7.1 Logic and procedure

7.1.1 Goal

NHST is a framework for deciding whether the findings from a sample are meaningful — whether they generalize to a population. It is helpful to think of it as a game with clearly defined methods and decision criteria. NHST sets a significance level and pits two opposing accounts (models) — the null hypothesis and the alternative hypothesis — against each other, declaring a winner. The reason we can speak of winning and losing is that the two hypotheses are exclusive: it cannot be the case that both are right or that both are wrong. But because the verdict is reached by inferential statistics, the verdict itself carries probabilistic uncertainty. The probability of incorrectly concluding “the alternative is correct” when the null is actually true is non-zero. Likewise, the probability of incorrectly concluding “the null is correct” when the alternative is actually true is non-zero. The former is a Type I error; the latter is a Type II error. We would like both probabilities to be zero, but they cannot be; we therefore name them \(\alpha\) and \(\beta\), and aim to bound each below some agreed level. NHST is the formalized procedure built to achieve this control. The significance level mentioned above is the tolerated value of \(\alpha\), set at 5% by convention in psychology.
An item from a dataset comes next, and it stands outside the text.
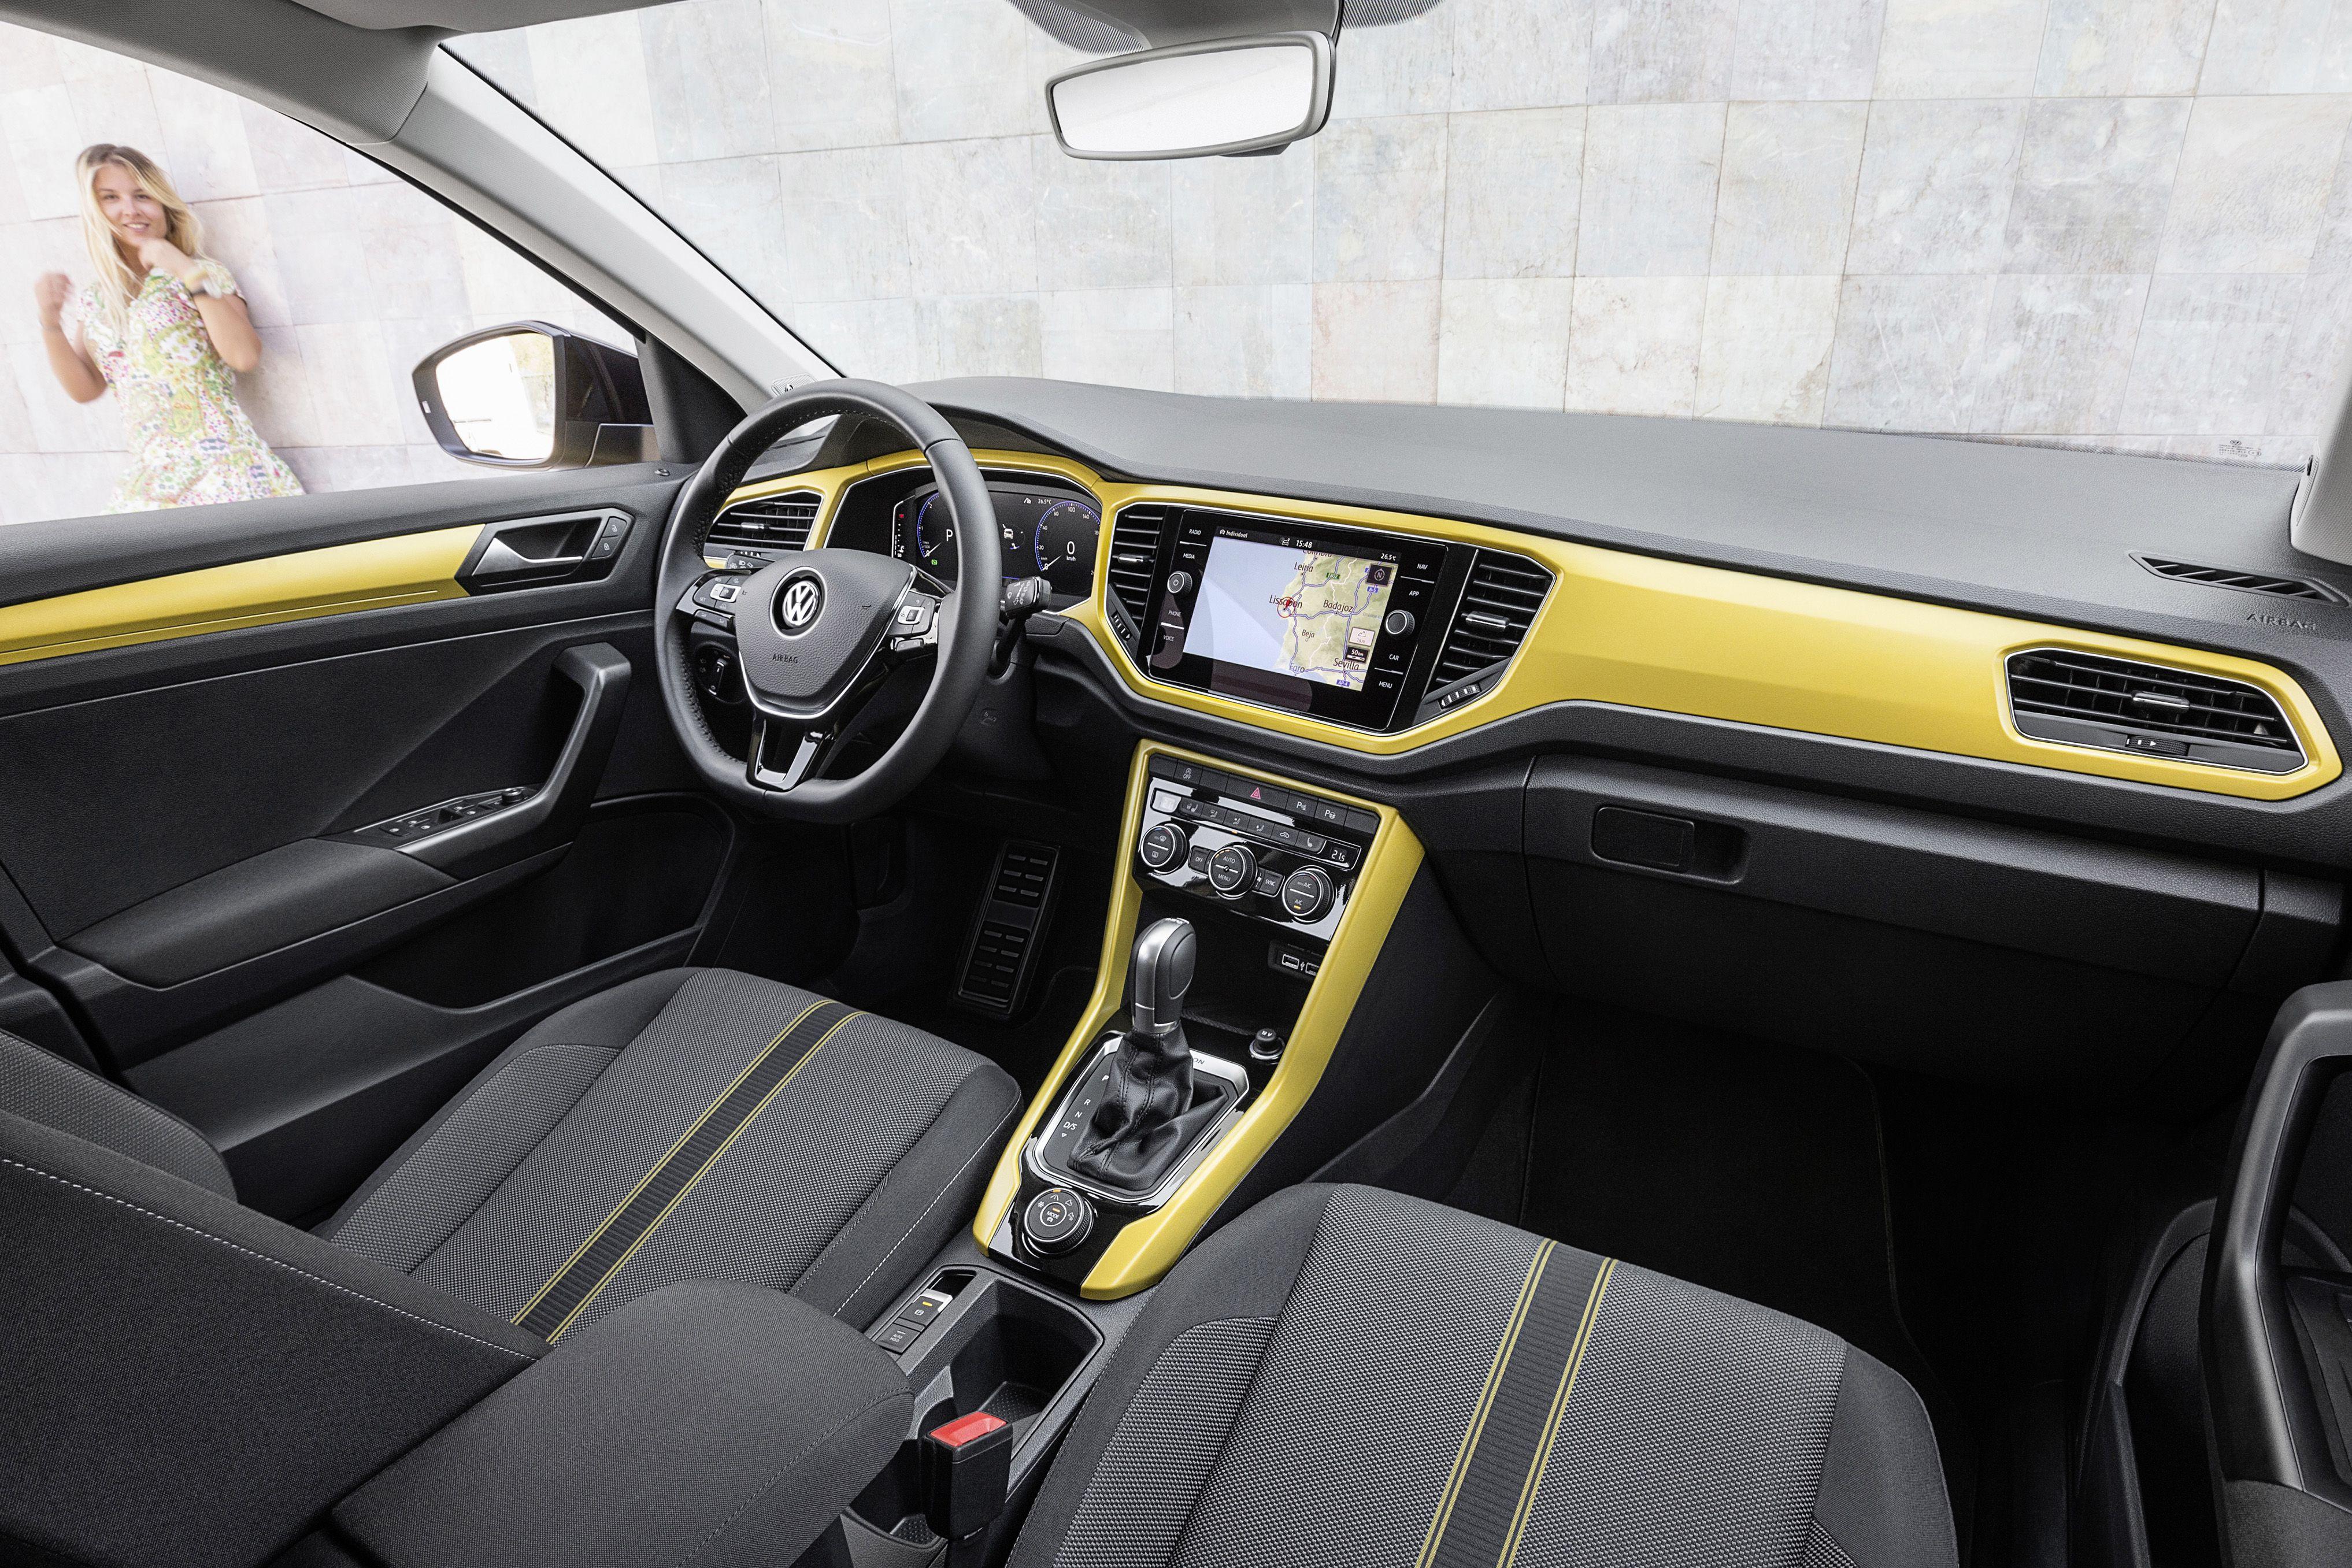 Interior of yellow Volkswagen T-Roc
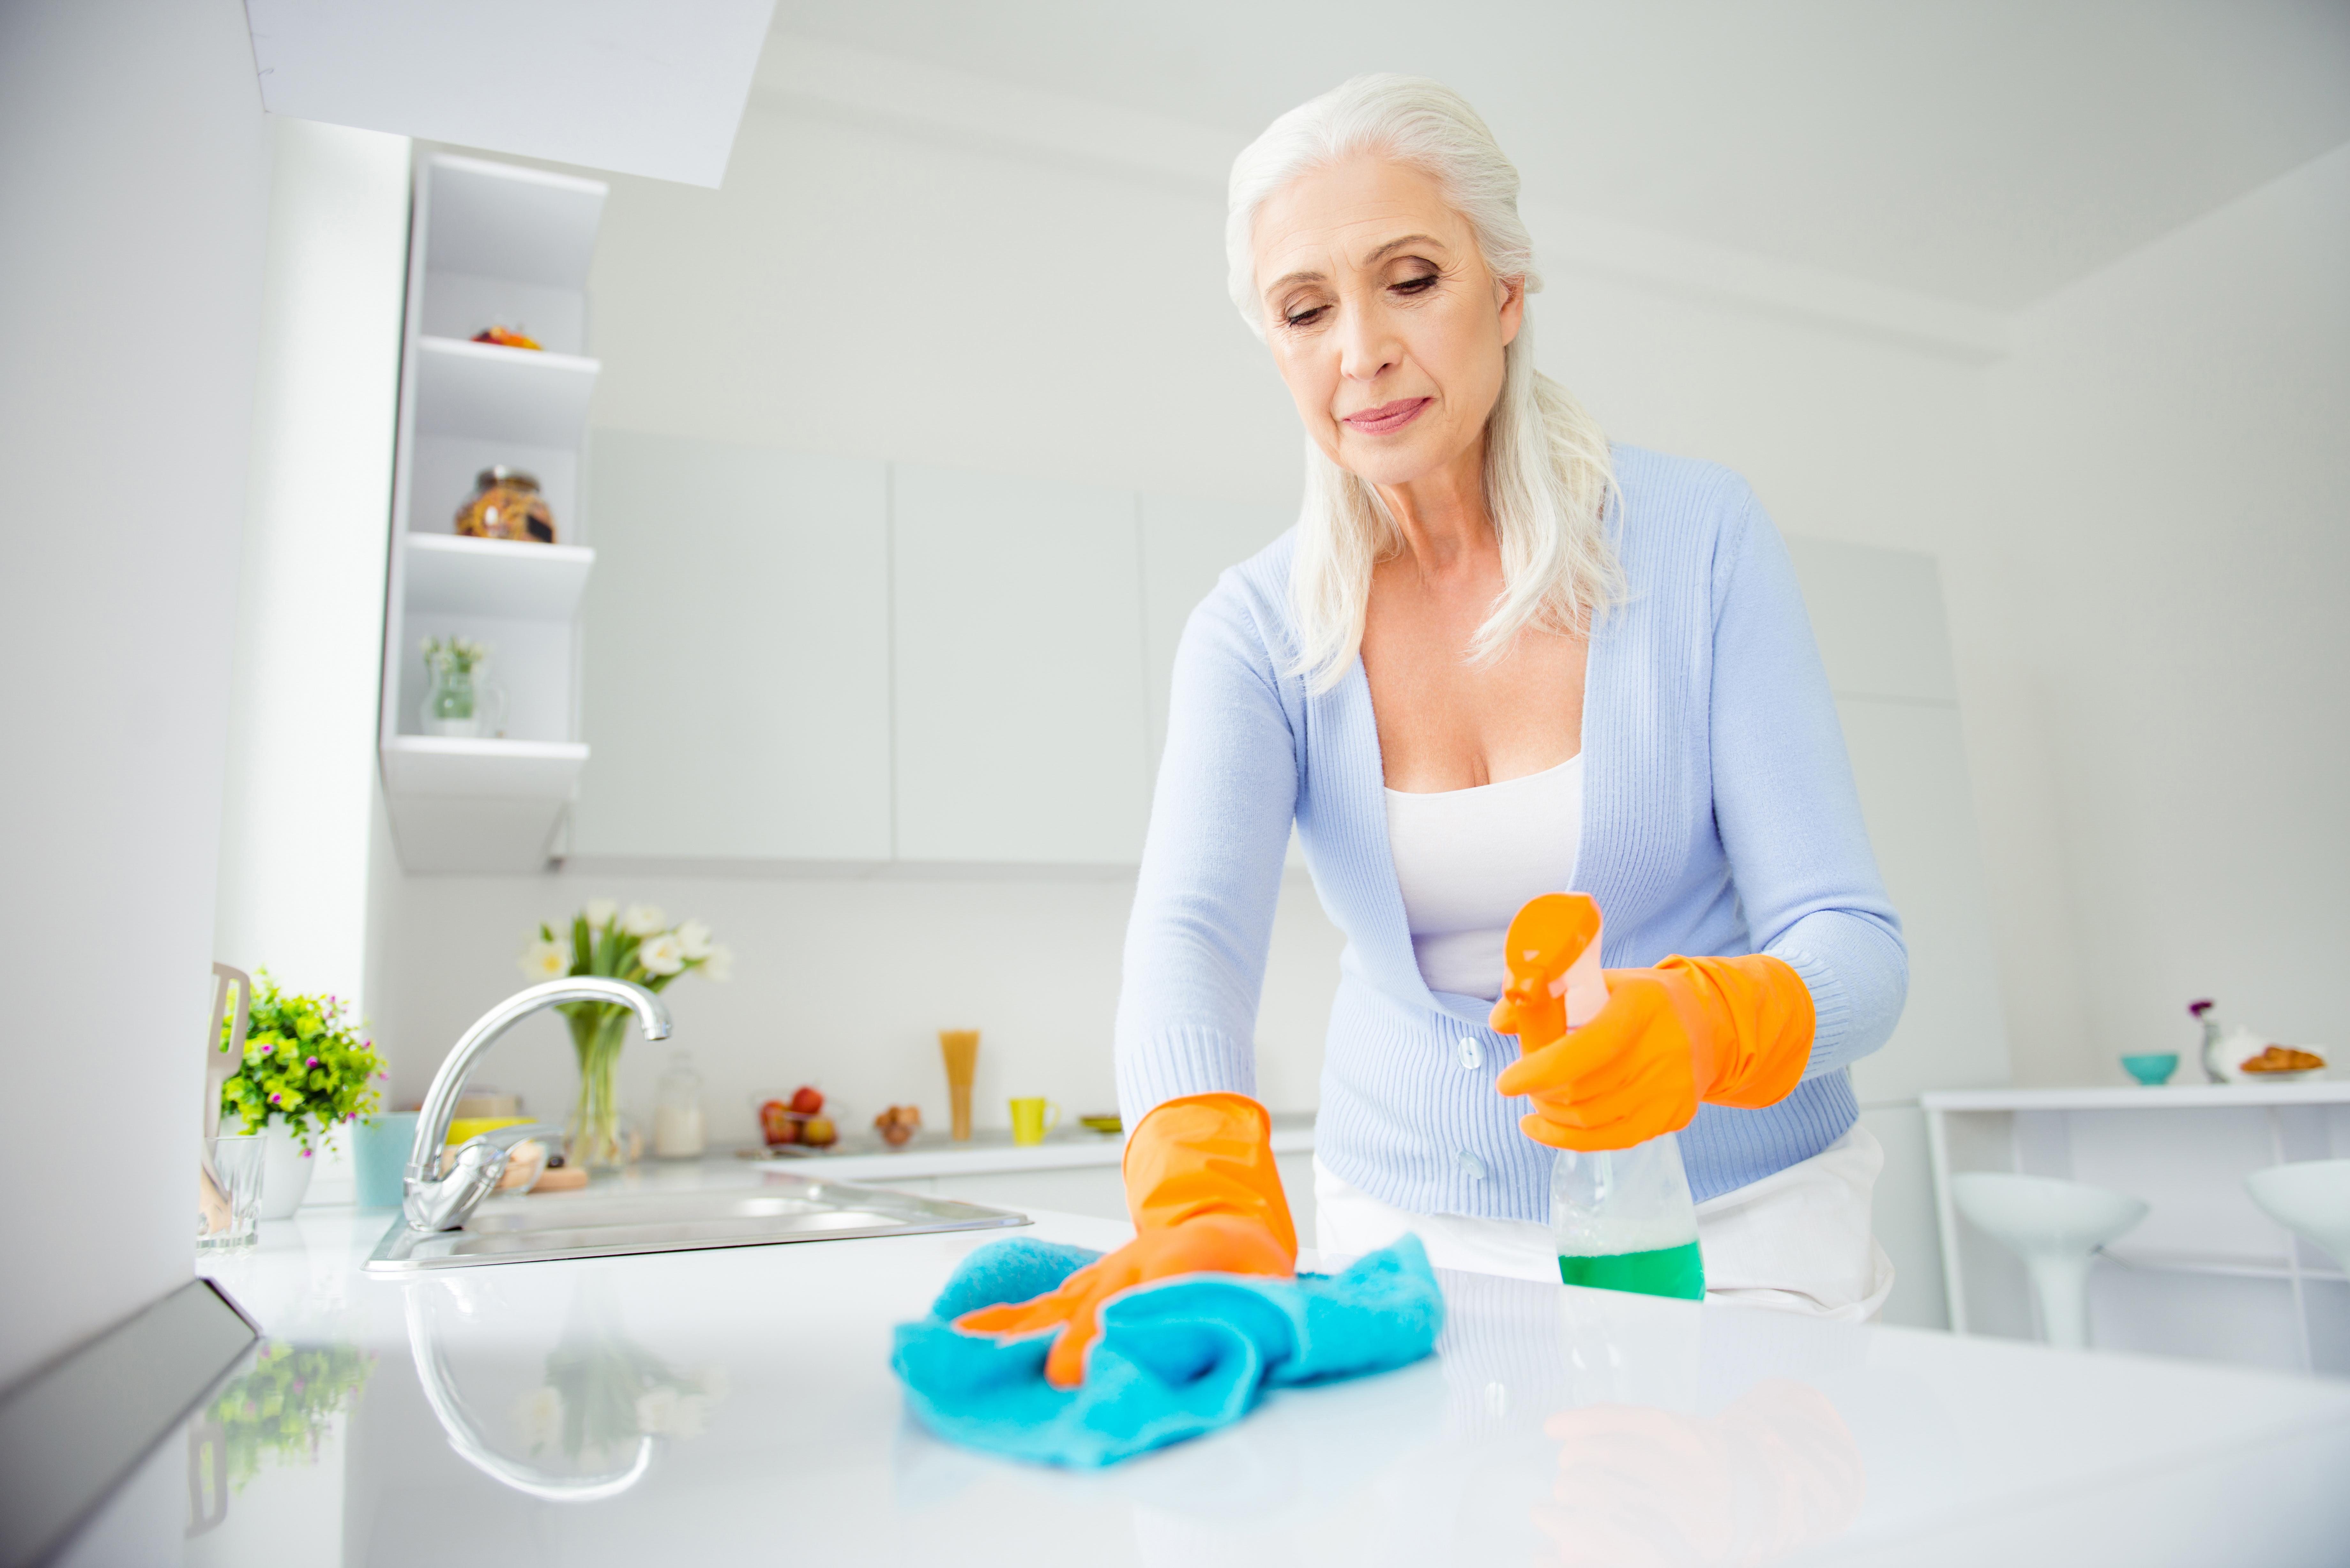 <p>Бактериите са миниатюрни. Това, което на нас ни изглежда като драскотина, е огромна шведска маса за салмонелата. Изподрасканите кухненски дъски се мият много трудно. Тъй че ако дъската вече е прекалено набраздена - по-добре си купете нова.</p>

Because NHST is fundamentally a procedure for controlling errors, the mindset of “engineering a significant result” is wholly misguided. NHST also combines mathematical inference with a human convention for adjudicating verdicts; do not read excess meaning into the result or take any single outcome too much to heart.

7.1.2 Procedure

A generic NHST procedure has five steps:

State the null and alternative hypotheses.
Choose a test statistic.
Set the decision criterion.
Compute the test statistic.
Decide.

NHST is applied to questions such as whether two group means differ, or whether a correlation differs from zero. It assumes that we are inferring from a sample to a population — not deciding the truth of a theoretical claim a priori, and not in the situation where the entire population is observed. It also reflects the fact that, with small samples, the confidence interval of a sample statistic is wide, and a framework is needed to decide anything at all.

Because the population state is unknown, we set up hypotheses. The null hypothesis (literally “empty”) asserts something like “no difference in means” (\(\mu_1 - \mu_2 = 0\)) or “zero population correlation” (\(\rho = 0\)). The alternative hypothesis is the exclusive complement: “the difference is non-zero” (\(\mu_1 - \mu_2 \neq 0\)) or “the correlation is non-zero” (\(\rho \neq 0\)). The reason the null is always “zero” is that, of the two mutually exclusive hypotheses, the non-zero side is infinitely subdivisible (a difference of 1, or 1.1, or 1.11, …) and cannot be tested point by point.

The choice of test statistic is typically presented as a fait accompli — \(t\) for a two-group mean difference, \(F\) for three or more groups, \(t\) again for a correlation — and rests on mathematical-statistical justifications. The decision criterion is conventionally 5%, and the test statistic is computed mechanically by a fixed formula. Because the decision is made against an objective standard, the whole procedure can be automated once the “situation × null hypothesis” pairing is classified.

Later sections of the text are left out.